I replace the 3 x 5mm LEDs with the Nichia U bin today. The light coming from the 3 x 5mm LEDs is almost as bright as the "3 watt" main emitter. The main emitter has more of a spot to it while the Nichia are a little more flood. After looking inside this thing more closely I have decide not to use the K2 emitter but instead use a Luxeon I or III emitter instead. Once I get my hands on a decent emitter I will give it a try.


----------



## Varroa (Sep 8, 2006)

I ordered a TWOJ Lux III emitter and it is on it's way. I am going to replace the crappy heatsink inside this headlight with a solid chunk of copper round rod, ~ 3/8" in diameter x about ~ 1" long. I am thinking of using a 1 ohm resistor in series from the 3 x AA batteries to drive this. Once I get the emitter and copper I will start modding and take some photos as well.


----------



## Tachyon (Sep 8, 2006)

Hi Varroa,

Looking forward to the results of your mod! Do remember to take a beamshot of the headlamp with the original LED before you do the mod  

Cheers
Bopanna


----------



## Varroa (Sep 9, 2006)

Looks like the "heatsink" on the emitter is actually a piece of aluminium inside a PR2 base. The "bulb" assemble was soldered into place (there is actually no PR2 socket, just a hole in the circuit board and some spacers). I removed the assemble and now I can drop any PR2 based bulb into the headlamp (after some lite sanding since the hole was very tight). I am going to see if I can buy a PR2 socket this week and add it to the headlamp and that way I will be able to put any PR2 bulb in it (I have a couple of SMJLED PR2 bulbs, a SMJLED2 PR S.S. bulb and a Everled bulb I can try). I can also remove the emitter from the original bulb/heatsink and add the Lux III I have coming and try that as well. Photos will follow shortly (tomorrow).


----------



## Varroa (Sep 11, 2006)

Here are some photos of the inside:


----------



## Frobe22 (Sep 13, 2006)

This seem similar to some of my own headlamps. Be aware that the three small leds are fed about 50-100mA each through the resistors. I added a resistor in series with the original three resistors to get current down to a safer 20mA.
This lamp fits perfectly on my Giro bicycle helmet when I removed the straps and spliced the cable.


----------



## vortechs (Oct 16, 2006)

Varroa said:


> I replace the 3 x 5mm LEDs with the Nichia U bin today. The light coming from the 3 x 5mm LEDs is almost as bright as the "3 watt" main emitter. The main emitter has more of a spot to it while the Nichia are a little more flood. After looking inside this thing more closely I have decide not to use the K2 emitter but instead use a Luxeon I or III emitter instead. Once I get my hands on a decent emitter I will give it a try.

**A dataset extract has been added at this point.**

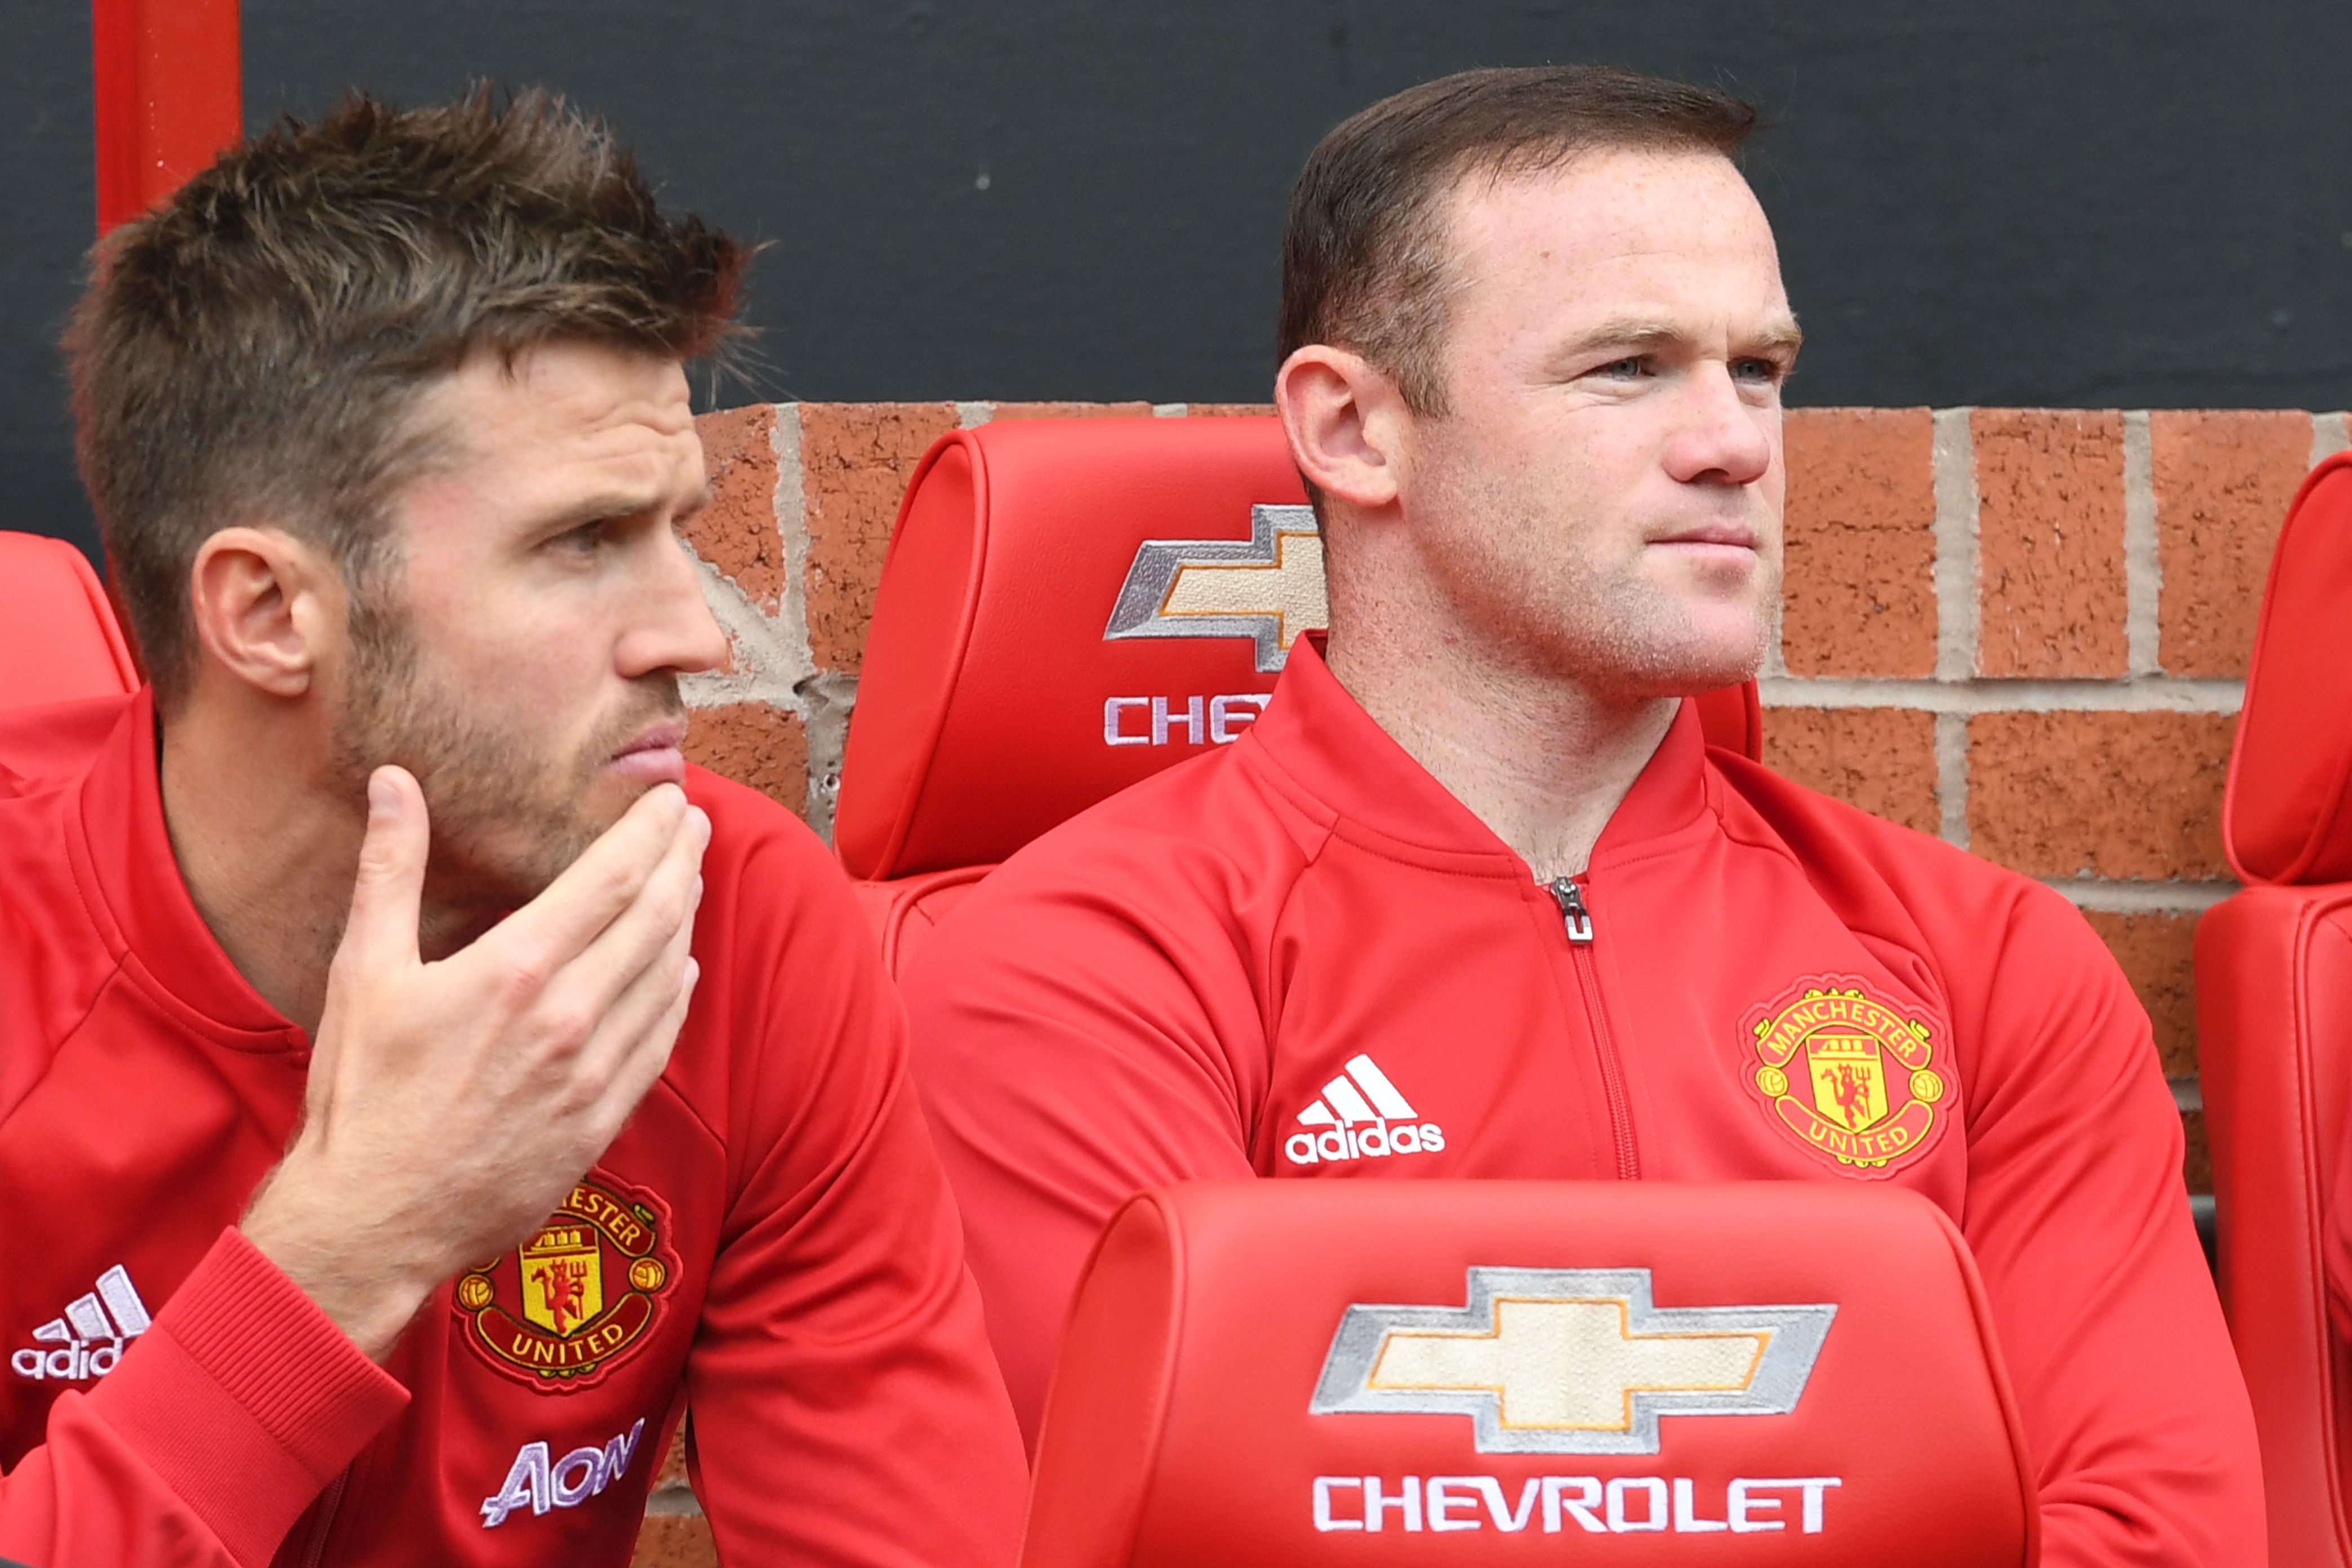 Manchester United's English striker Wayne Rooney (R) sits on the substitutes bench with Manchester United's English midfielder Michael Carrick (L) during the English Premier League football match between Manchester United and Leicester City at Old Trafford in Manchester, north west England, on September 24, 2016. / AFP / ANTHONY DEVLIN / RESTRICTED TO EDITORIAL USE. No use with unauthorized audio, video, data, fixture lists, club/league logos or 'live' services. Online in-match use limited to 75 images, no video emulation. No use in betting, games or single club/league/player publications.  /         (Photo credit should read ANTHONY DEVLIN/AFP/Getty Images)

Did you ever happen to measure the current that the main "3 watt" emitter was drawing? With that tiny heatsink and low brightness, it sounds like it is probably underdriven. I would guess that this headlamp was originally a hybrid design with a PR-base incandescent bulb and three 5mm LED's that was later modified to use the "3 watt" central LED instead of an incandescent.


----------



## Tachyon (Oct 17, 2006)

I had the same light and changed the resistor to run the LED at 300 Ma.

It was working at 180 Ma before the mod. Even at 300 Ma the beam isn't all that bright. 

I think a mag led 3W drop in would do very well with the reflector on this headlamp. A small heatsink of some sort would need to be used.

Tachy


----------